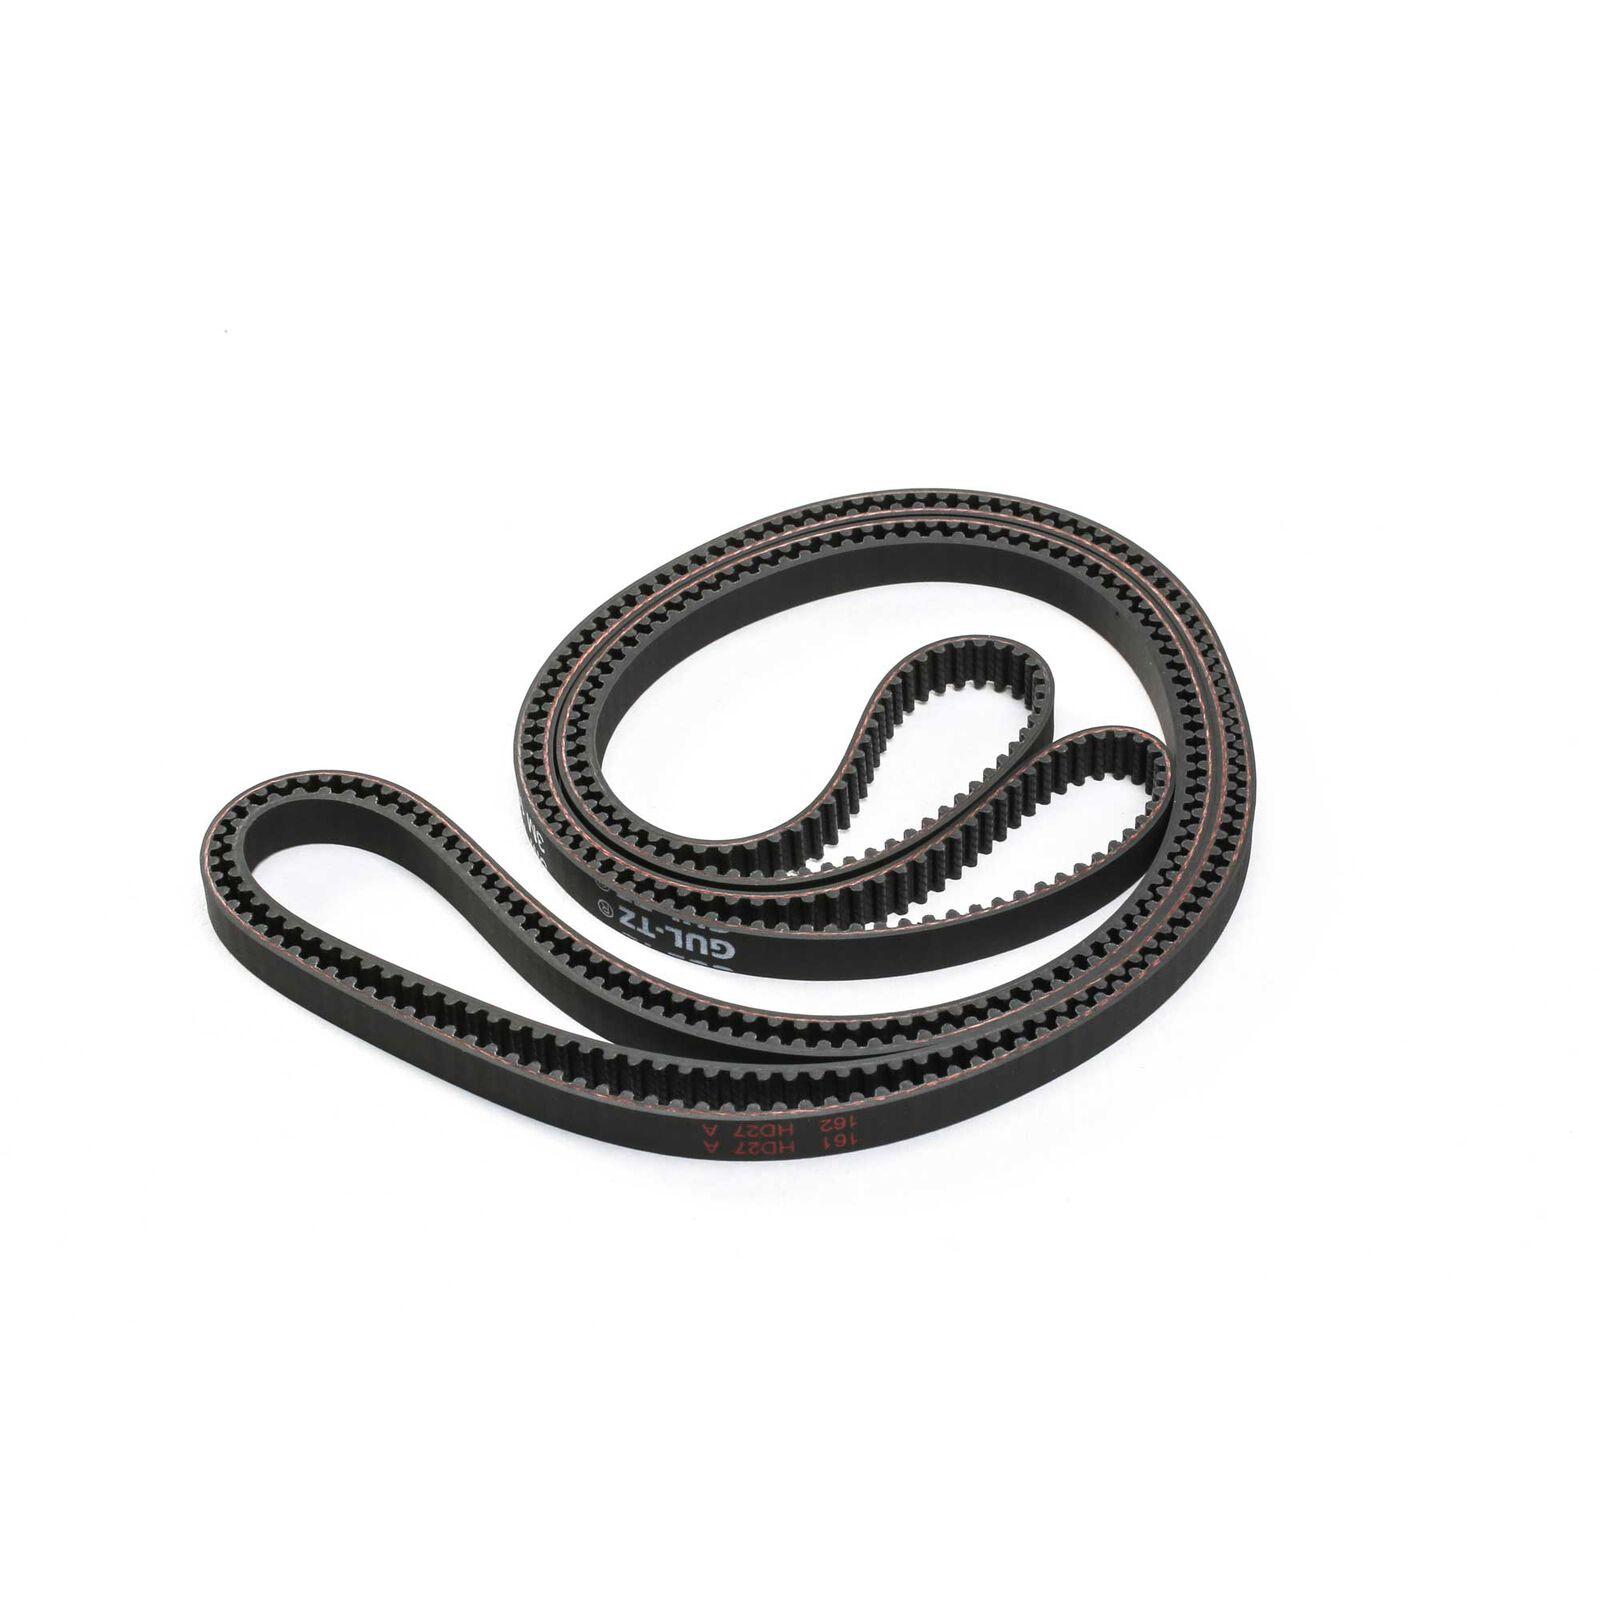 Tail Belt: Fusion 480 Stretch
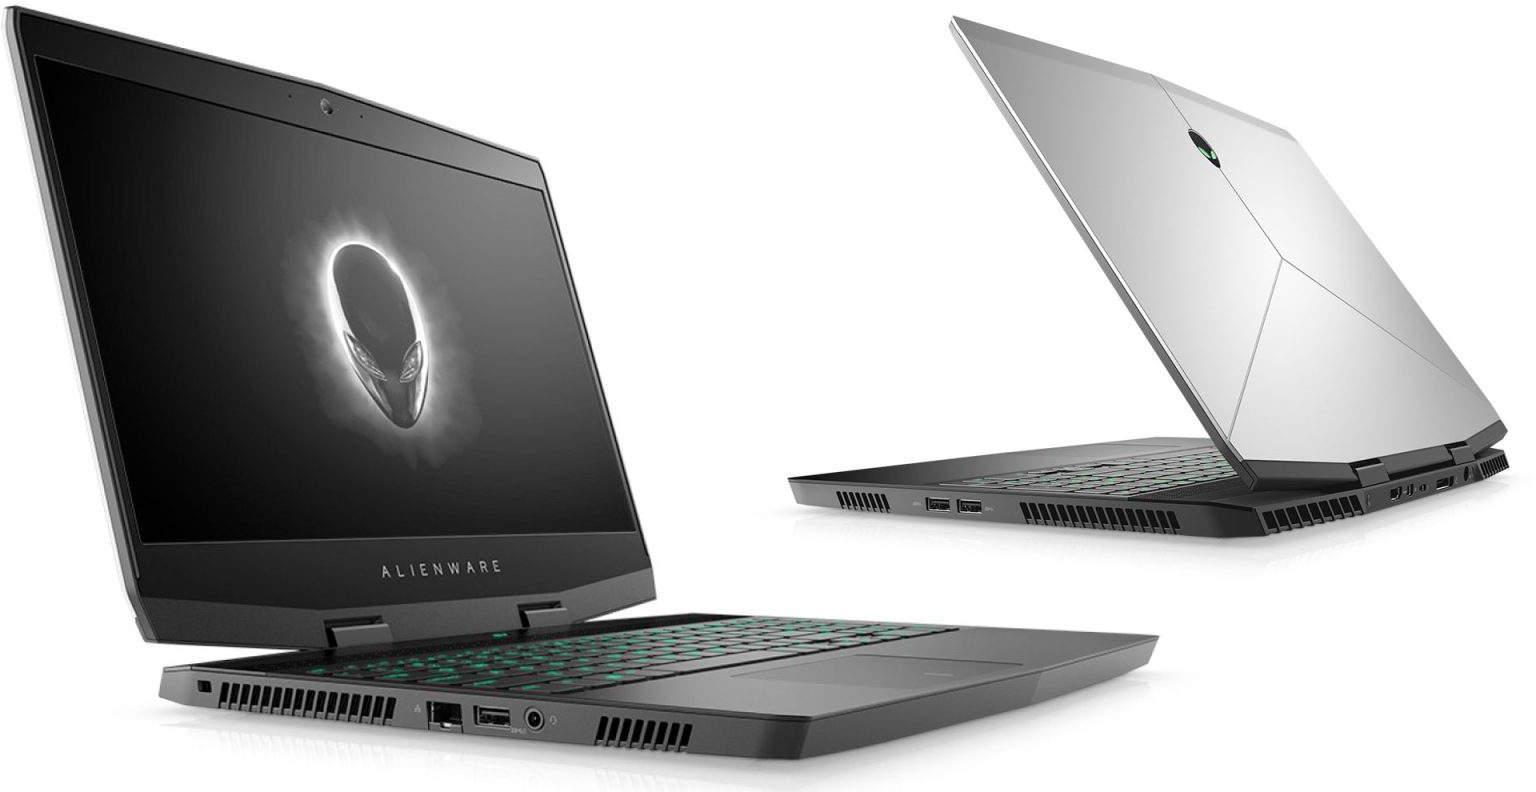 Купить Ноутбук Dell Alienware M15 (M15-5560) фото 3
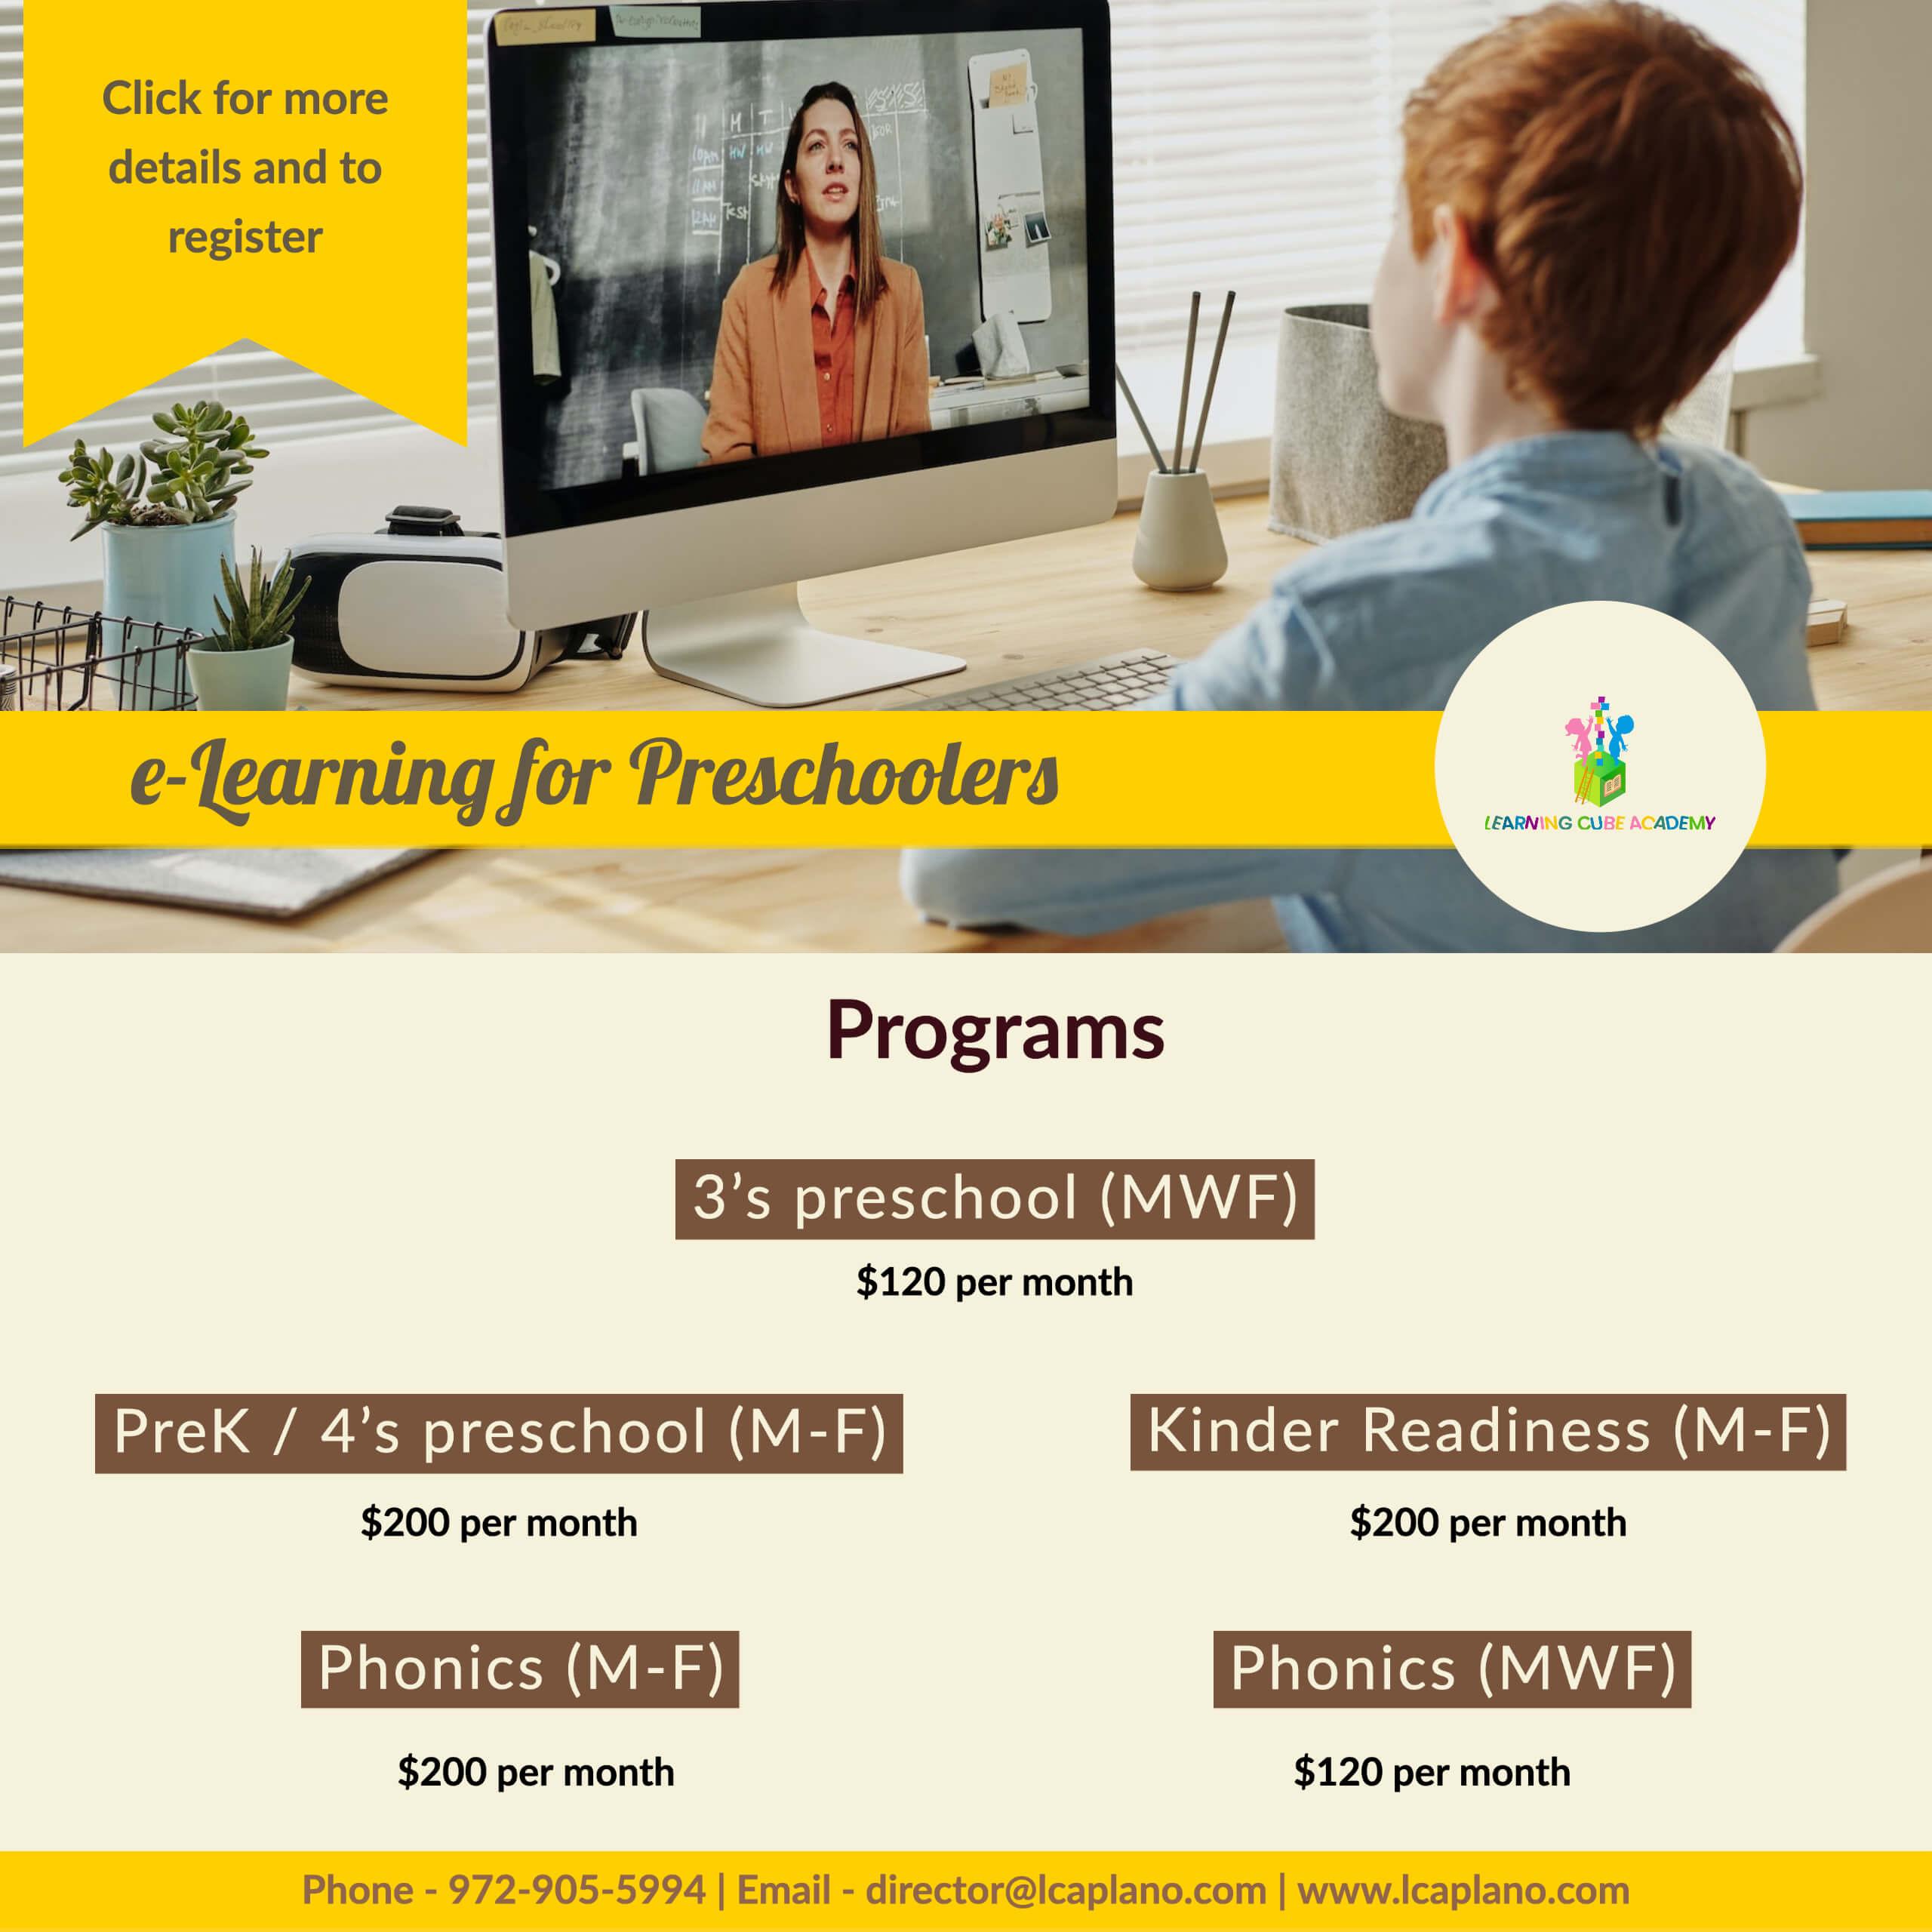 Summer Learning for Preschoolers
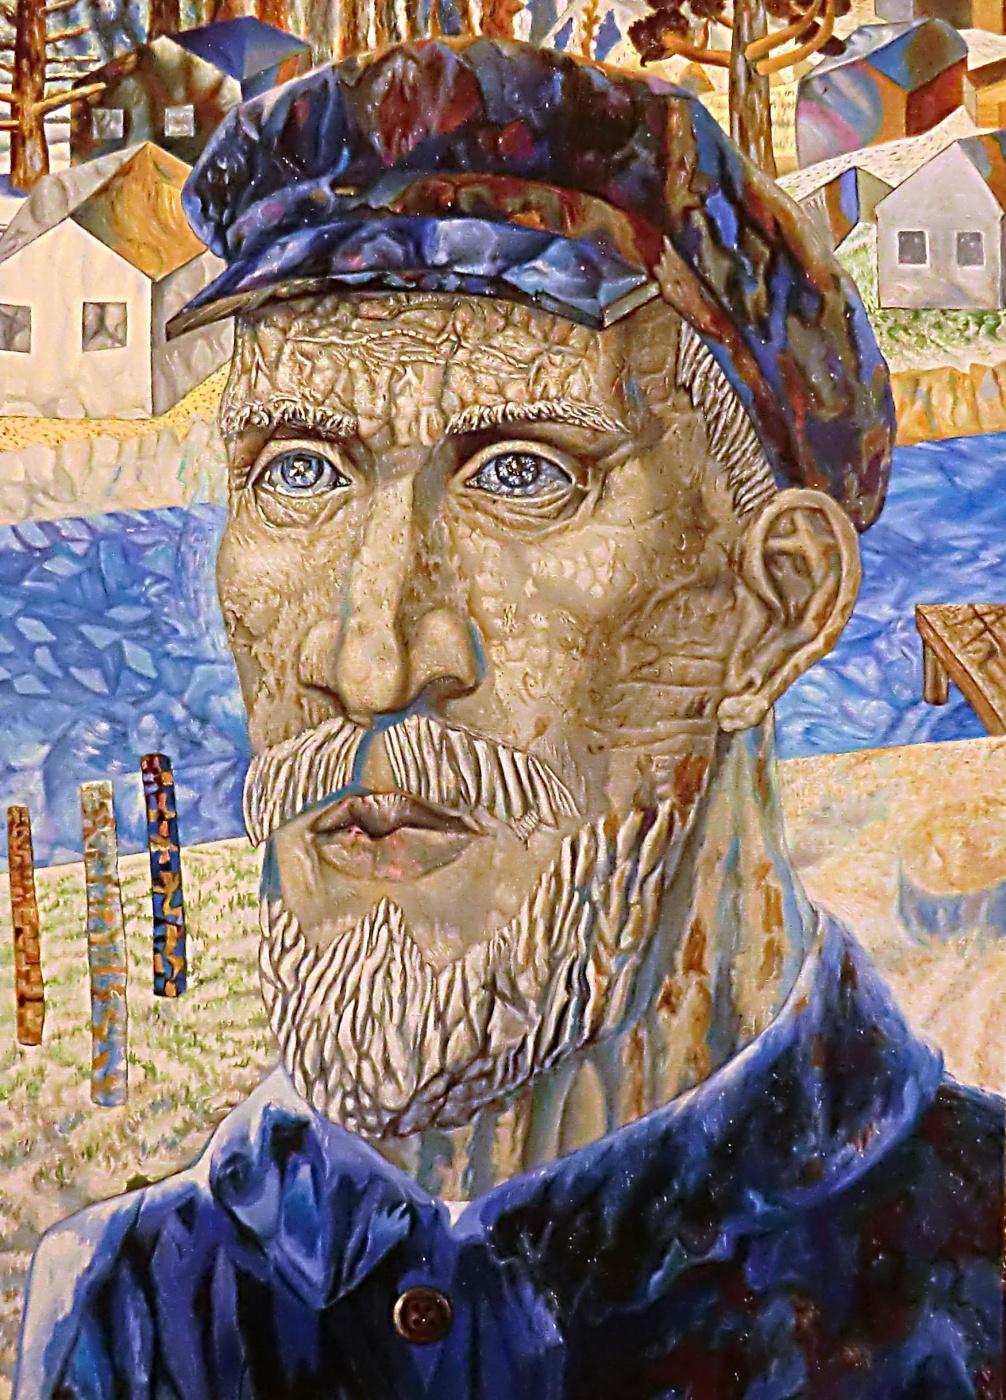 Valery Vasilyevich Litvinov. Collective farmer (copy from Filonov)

Exercise instructions: The data must be printed exactly, image-free.

Result:
 Tail Belt: Fusion 480 Stretch
 Купить Ноутбук Dell Alienware M15 (M15-5560) фото 3
 Summer Learning for Preschoolers
 Valery Vasilyevich Litvinov. Collective farmer (copy from Filonov)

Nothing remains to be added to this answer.